Linux based advantages
- The virtualization software can be smaller, because it shares more functionality with the Linux kernel.
- Rebuttal: Because all guests share the same underlying linux kernel, each guest is only as isolated from the others as any linux process is from other processes.
- Deep-down OS functionality like kexec+kdump just work, without needing support in the hypervisor.
- This includes things like CPU frequency scaling and laptop suspend/resume, which do not currently work in Xen.
- The same is true for other hardware support that would need hypervisor support, eg. pmtimer or some ACPI functionality.
- Ubiquity. Once a Linux based virtualization technology is in the upstream (kernel.org) kernel, it can be enabled very easily by Linux distributions.
- Virtual Memory. A hypervisor like Xen only manages physical memory, running under a Linux kernel allows for Virtual Memory paging and oversubscription.
- Lower context switching times: running natively under Linux with a paravirt aware guest and cr3 caching, context switching can actually exceed that of Xen PV domains.
Lower IO overhead: As all IO under a hypervisor setup such as Xen is done by a userspace daemon in domain0, the overhead to do any paravirt IO must include the domain->domain context switch as well as the kernel->userspace context switch to the daemon to handle the IO request. If IO is instead handled by the Linux kernel natively, the only context switch is to kernel space to handle the IO request.

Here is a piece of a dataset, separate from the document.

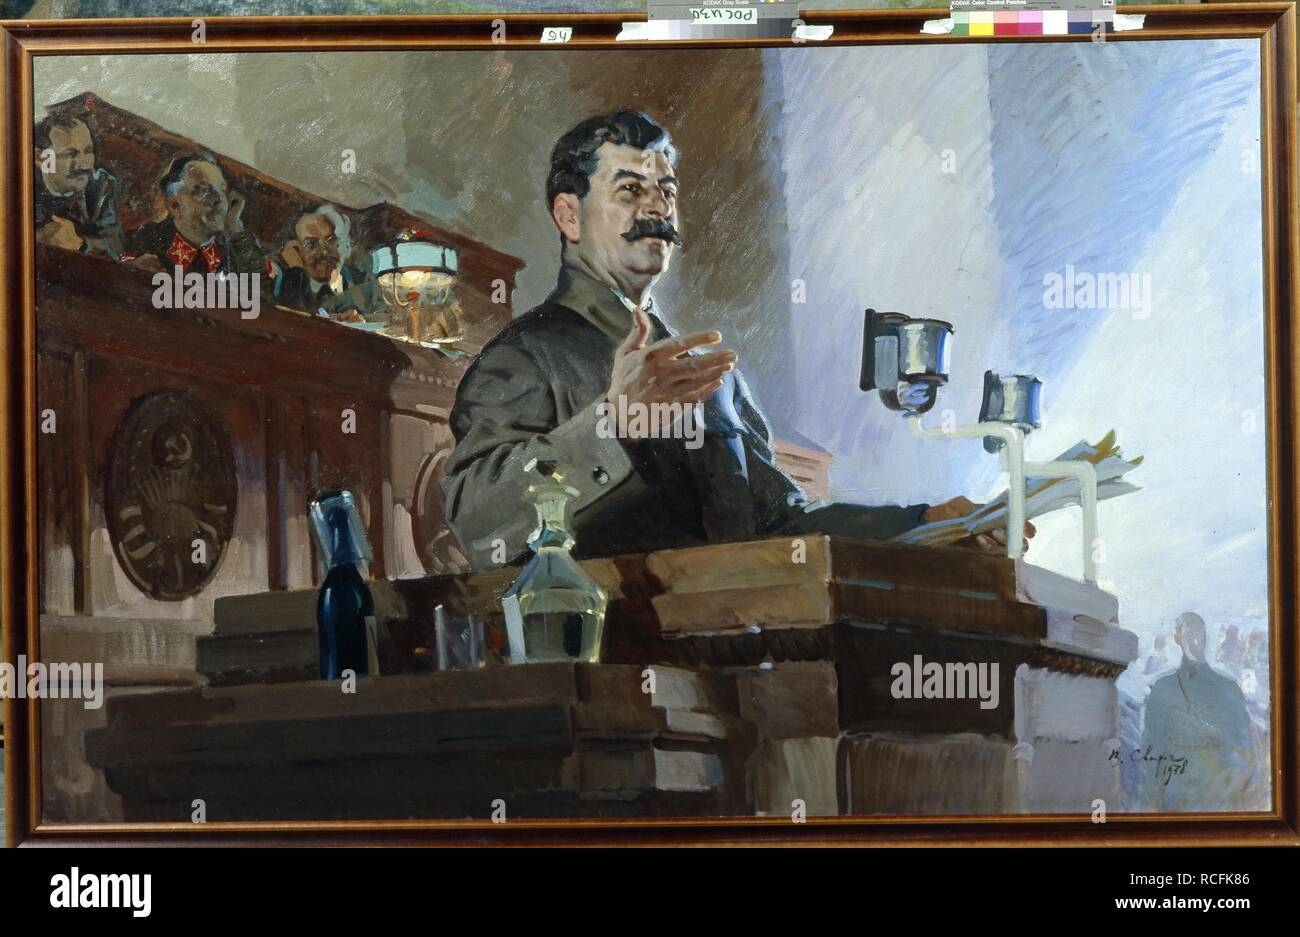 Stalin declared the Soviet constitution on the 8th Extraordinary Congress of Soviets on December 5, 1936. Museum: State Museum-and exhibition Centre ROSIZO, Moscow. Author: Svarog, Vasili Semyonovich. Stock Photo

- Linux will probably evolve to provide many of the benefits of a hypervisor solution, while retaining its existing benefits as a virtualization platform.
So, which is better?
Which approach is better depends entirely on what your goals are. For a Linux kernel maintainer (hi Linus) it is much easier if the software is small, simple and entirely inside the kernel. Interfaces to an external hypervisor mean an extra interdependency with another project.
For end users the functionality will probably be more important than what the underlying technology is. As long as the virtualization technology in question is efficient, easily manageable and available on the system by default it will do the job. End users will be interested in the Linux virtualization technology comparison table.
In the end, chances are that whatever technology makes it into the upstream (kernel.org) kernel and fulfills all of a user's technical needs will be the one that gets used. Practical availability trumps theoretical advantages every time.